7. Shame is the name of the game, ladies. Shame the writer like nobody’s business. Really hit a homer by using the phrase “her poor children”.

8. Judge the ever-loving SHIT out of the writer. But be sure to base that judgement SOLEY on those isolated 1000 words you read while you pooped this morning. Especially if it’s the one and only blog post of hers that you have ever read. With your extensive background information of never having met her or her children, assume whatever you please about them. You’re almost definitely probably right. Because, I mean let’s face it, you always are. (Shrug).

9. Generously offer the writer your condolences. Hide your harsh judgement in the form of patronizing pity. In your most condescending tone, apologize for her being so uninformed, damaged, or unhappy. Even though her kid has croup, she’ll sleep more soundly knowing that your self-righteous sympathy is with her.

10. Use cringe-worthy grammar and punctuation.
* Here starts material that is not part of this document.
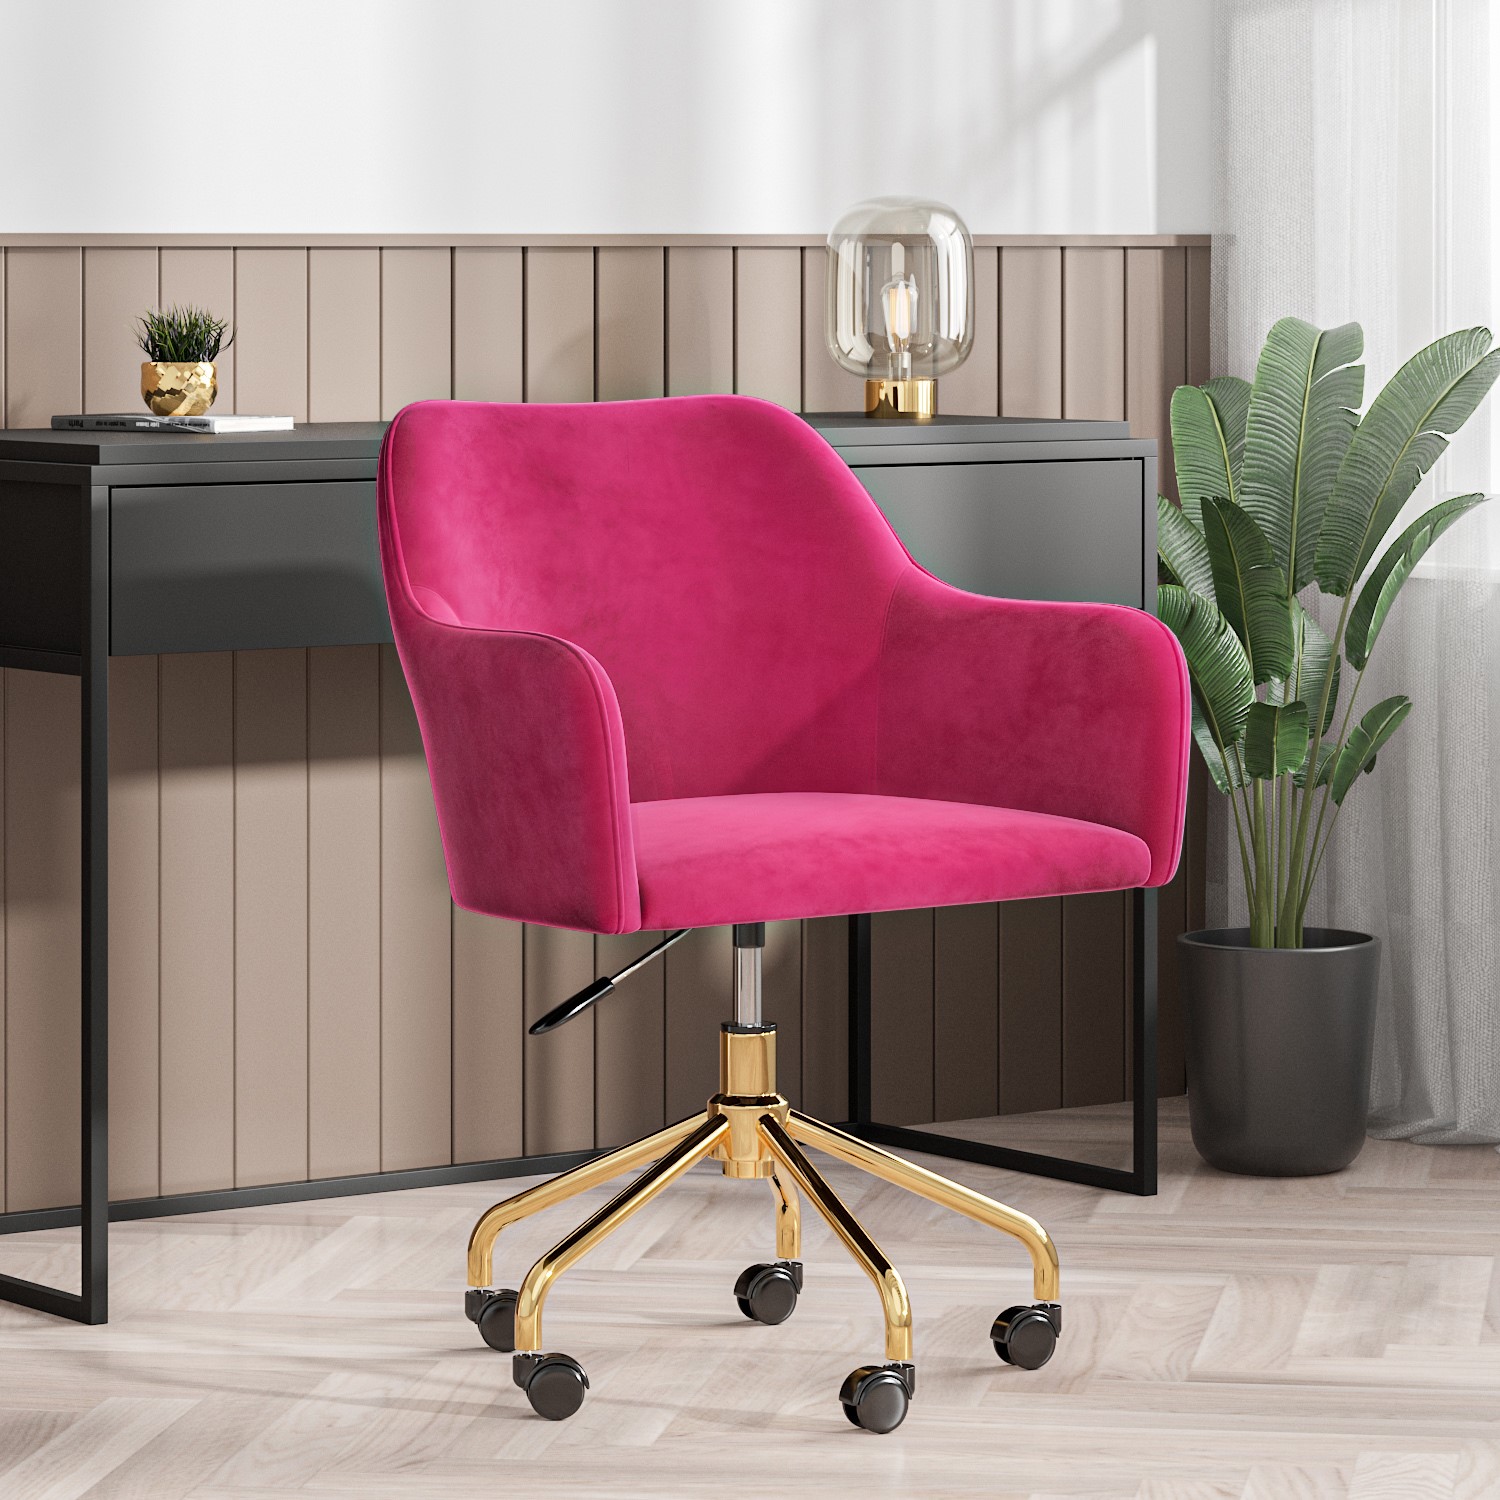 Hot Pink Velvet Office Chair with Gold Base - Marley - Furniture123

This should be easy when you’re typing with such furious rage and superiority (but don’t forget to disguise it as sympathy).

11. Even if the piece isn’t about vaccines, relate your comment to your belief on vaccinating children. This will really stir up a shit storm.

12. GIF. IT. UP. with eye rolls, face palms, and head shakes. Remember the writer can’t actually see you so visual aids are most helpful.

13. Childless folks: ALWAYS be the first to comment and express your disgust at the writer’s inadequacy as a mother. Be sure to list all the things you would NEVER DO, lest your kids turn out like her devils. Remember, she can’t hold a candle to your hypothetical excellence, but just for shits and giggles, spell out your magic formula for how you WOULD create angelic/genius/athletically gifted/obedient/kind/healthy children right there in the comments. It’s the gift that keeps on giving.

14. Never retreat from giving advice on a parenting stage you haven’t been through yet. You’ve got a solid plan for that stage and it is a surefire winner-winner-chicken-dinner. Don’t be stingy with it.

15. Make sure to include related credentials if applicable, “As a (psychologist, child behaviorist, guidance counselor, school nurse, teacher, lactation consultant, scientist, doctor, nutritionist), I can tell you…” Your down talk will be much more credible if your area of expertise is mentioned.

16. Whatever you do, do NOT allow yourself to think of the writer as a real person with real feelings, and friends and family who love her. Do not, under any circumstances, mistake her for a good mom—just like you—doing her best to laugh so she doesn’t cry because motherhood is sometimes just a son-of-a-bitch.